Real-Estate Listings Web Scraper (Goutte)
Overview
A focused web scraper that crawls the Romanian real-estate portal imobiliare.ro to extract estate-agency phone numbers across the country. Built with Goutte, it walks every county’s apartment-sales listings and harvests contact numbers into per-city text files.
Why It Exists
The goal (per the composer description, “numerele agentiilor imobiliare”) was to compile a dataset of real-estate agency phone numbers nationwide, a lead-generation / data-mining task that would be impractical to do by hand across dozens of cities.
What We Built
A single run.php driver using Goutte’s Client to iterate a hard-coded list of ~25 Romanian counties (Bucureşti, Timişoara, Braşov, Cluj, Iaşi, and more).
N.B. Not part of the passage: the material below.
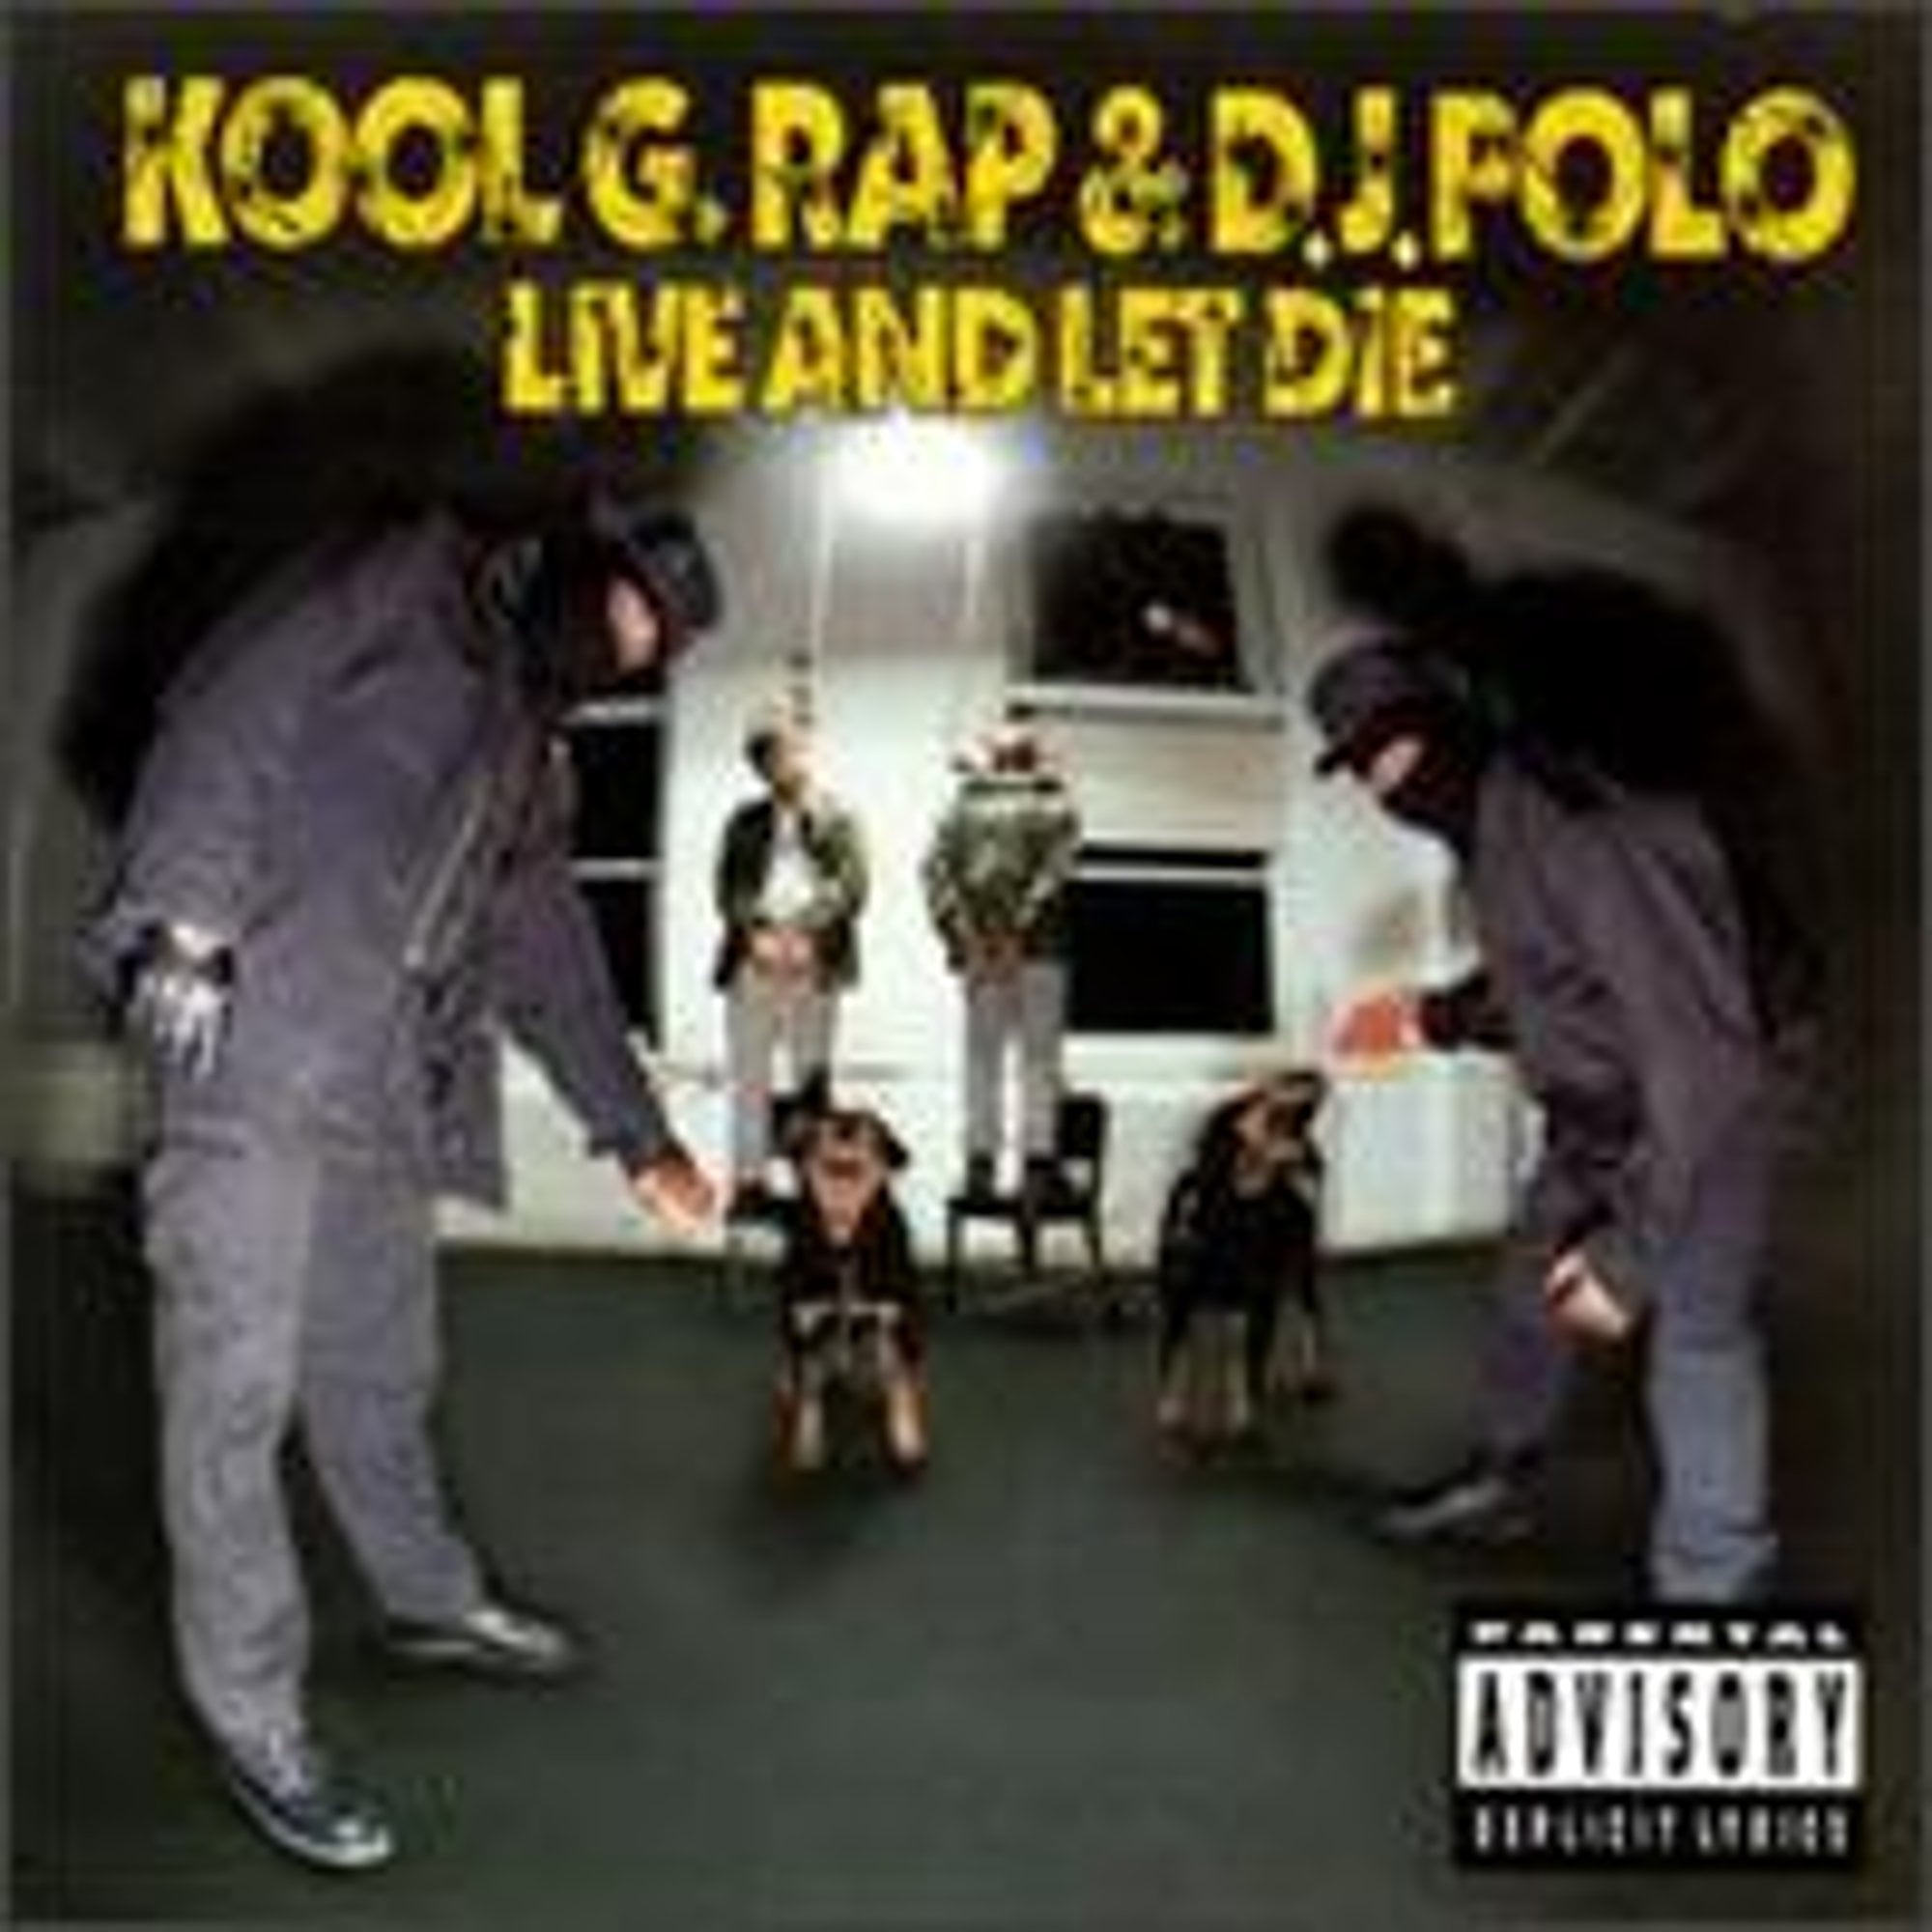 Live and Let Die (CD) by Kool G Rap & DJ Polo

For each county it requests paginated agency listings (?agentii=1&pagina=N), filters listing nodes via CSS selectors, applies a phone-number regex to the text, de-duplicates results, and streams them to a per-city output file (bucuresti.txt, cluj-napoca.txt, etc.). The committed .txt files are the captured datasets.
Technologies & Approach
Goutte (Symfony’s DomCrawler + BrowserKit + Guzzle) for HTTP and HTML parsing, with a pagination loop that continues until a page returns no listing nodes, and regex extraction with in-memory de-duplication. Timezone pinned to Europe/Bucharest. Deliberately minimal, a single-purpose automation script.
Outcome / Impact
Produced concrete datasets: 25+ city-level text files of extracted agency phone numbers, proving an end-to-end scrape-paginate-extract-dedupe-export pipeline. A practical demonstration of automation and data-extraction skills.
Capabilities Demonstrated
- Web scraping and HTML parsing with Goutte
- Robust pagination crawling with terminal-condition handling
- Regex-based data extraction and de-duplication
- Producing structured datasets from unstructured web pages